The dome itself functioned as a kind of memory palace, invoking womb, sky, and cellular memory at once. The skyscape inside was inspired by the stick charts of the Marshall Islands, abstract maps of currents and islands made with shells and sticks. Entering the structure, the viewer became yet another layer in this Russian Doll set of dwellings. “Method of Loci” reminded us how illusory some boundaries — say, between us and distant suns — really can be. Invoking Carl Sagan, Lewis said, “we are the stuff of stars.”
Another local artist, Jan Cunningham, explained that she had recently invited the arcs of circles and ellipses back into her life and work. “Time creates space,” she said. Her charcoal drawings echoed themselves.
Earthbound
Jacqueline Jones, on the other hand, paints stunning oils of coastal New England. If Stony Creek Brewery did oil paintings instead of beer, they would resemble Jones’s art.
In “Carpe Diem.” the elements swarm in full riot, a call for environmentalism. Her work often suggests nostalgic, dreamlike memories of childhood, even as she draws from Baroque art and luminous landscape painters.

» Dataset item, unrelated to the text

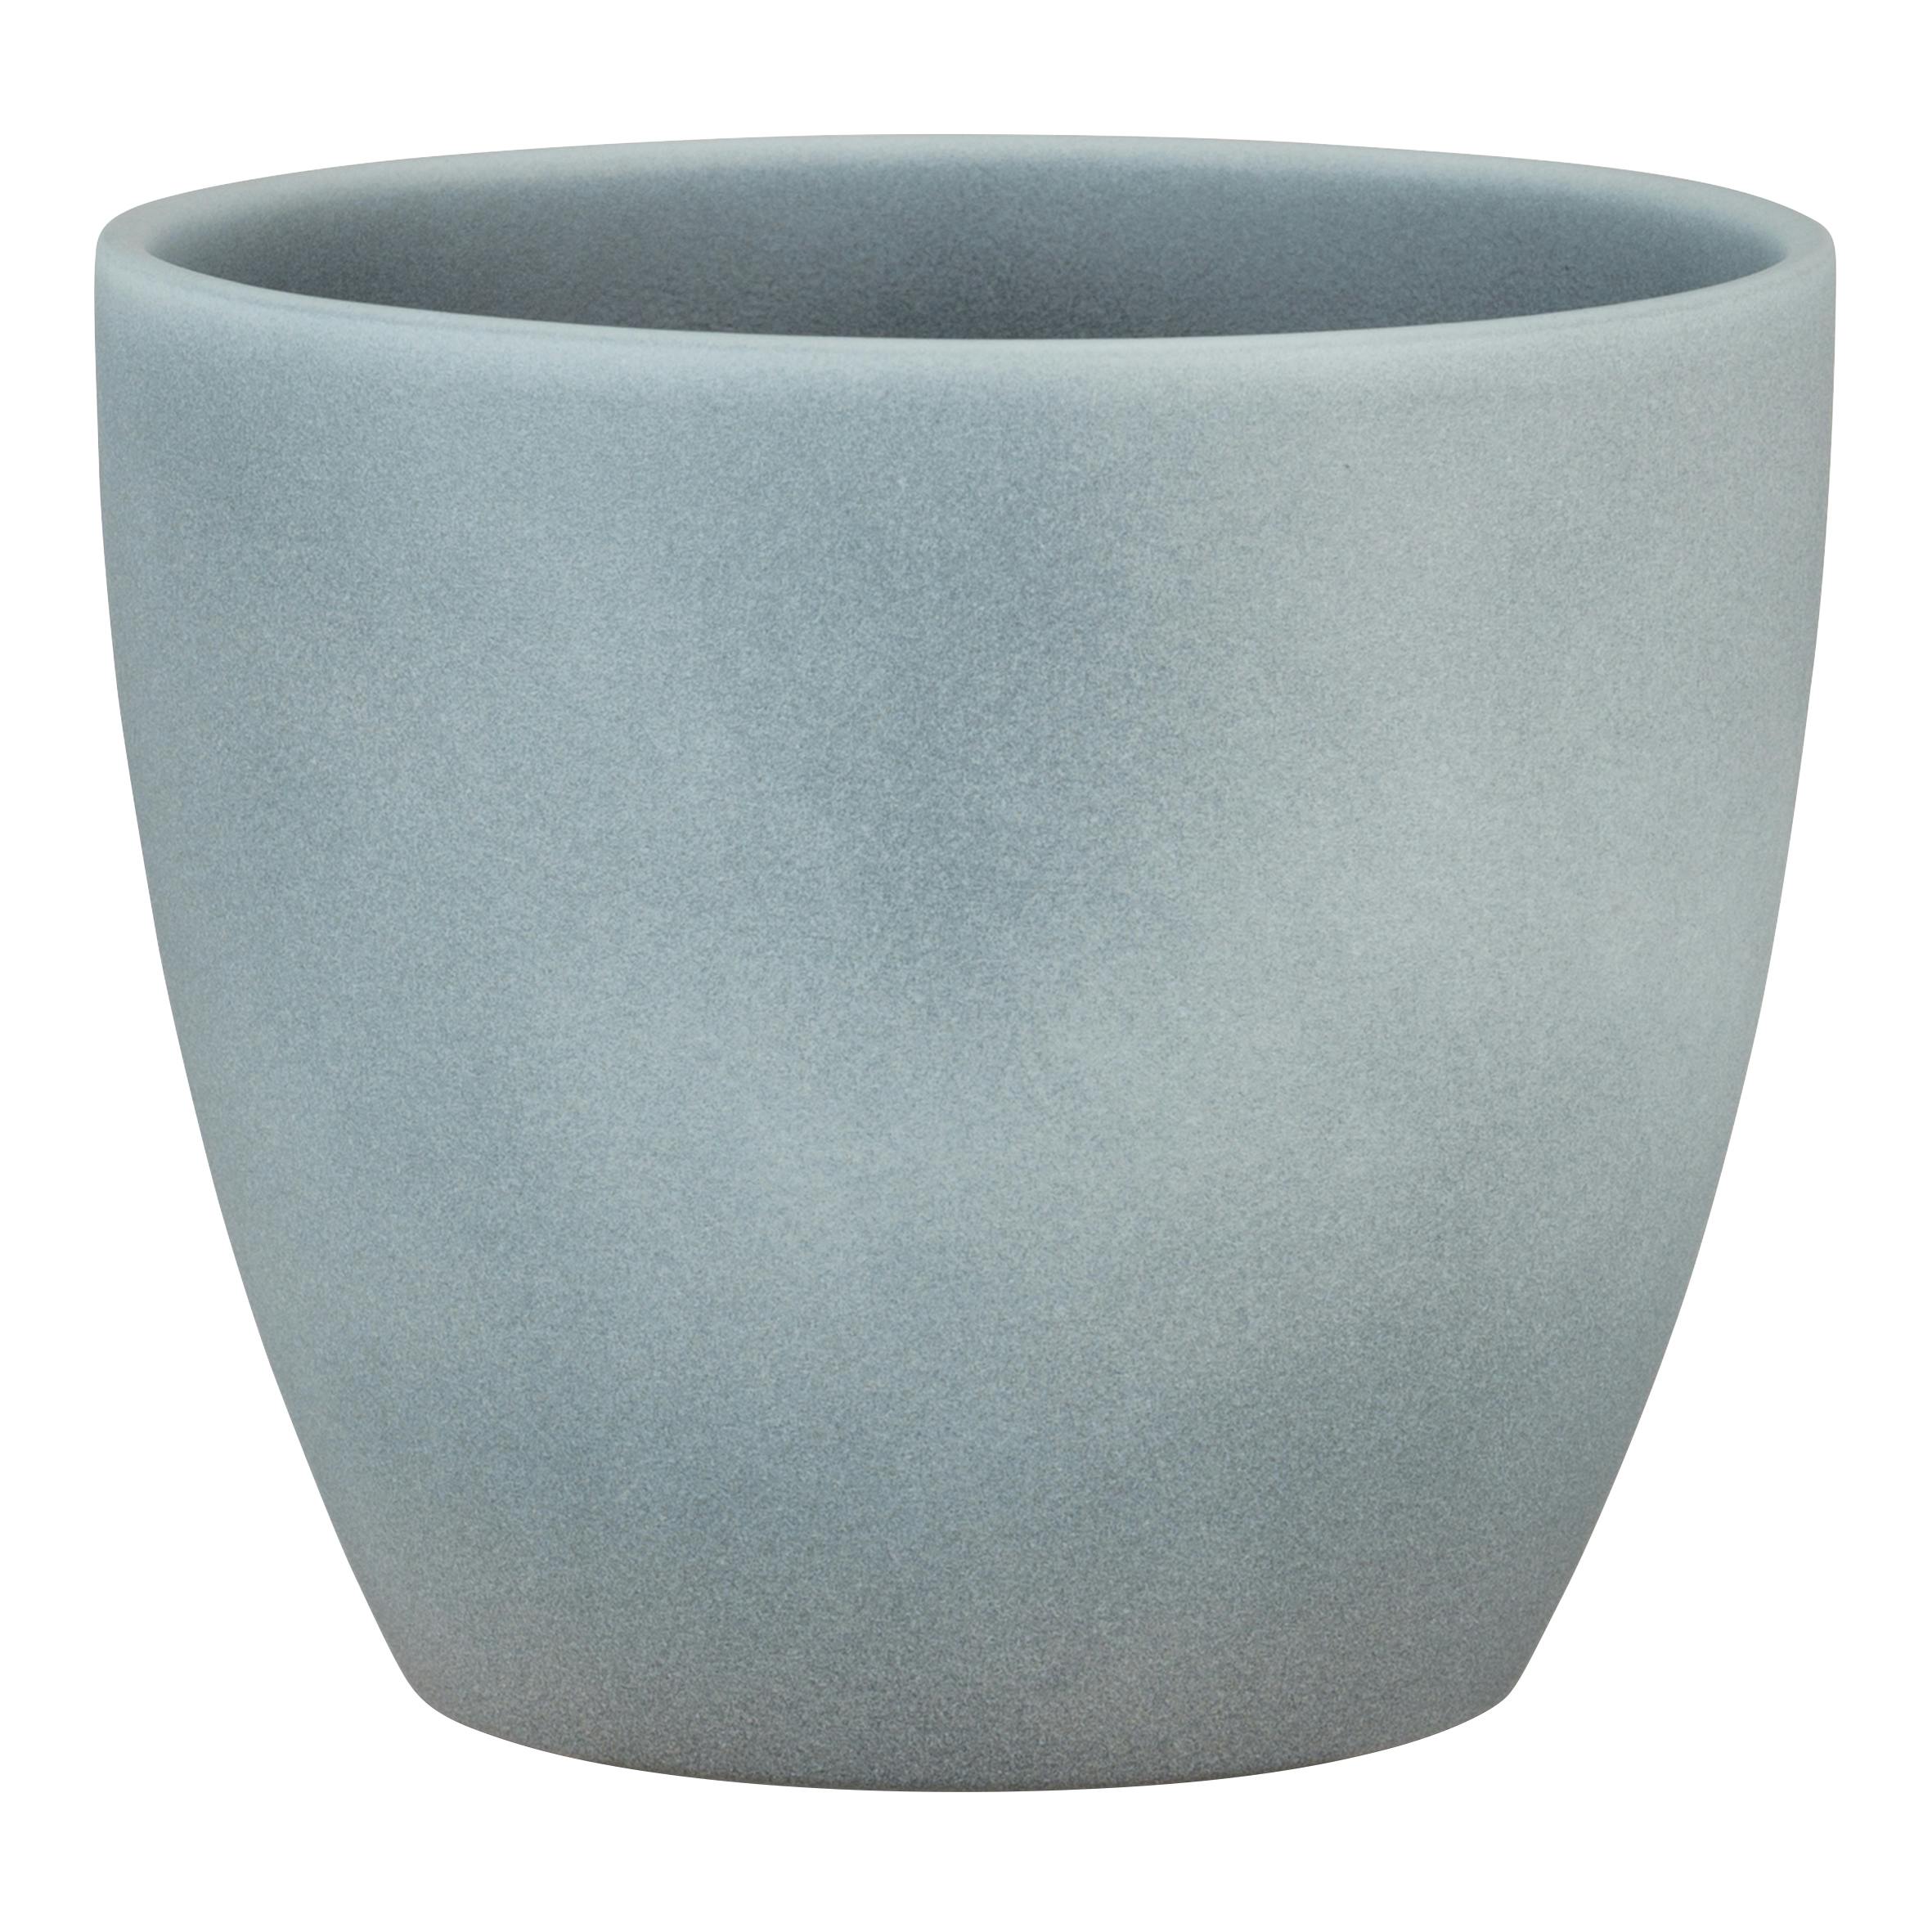 Scheurich Stone, cm | Keramik, Durchmesser, Marktplatz hoch, METRO Grey Blumentopf aus 19.5 5.5 22 cm Farbe: Stone, Vol. l

“Whatever the subject matter, I’m energized by the way light reveals essence and form,” Jones said.
Her award-winning landscapes are drawn from life, and she uses photo reference for character work. Often family members send her pictures to incorporate. Her brother, an area fisherman, sends photographs of his catches.
Personal symbolism plays heavily into Jones’s work as well. “Things all mean something to me, even if it’s something else to the viewer,” she said.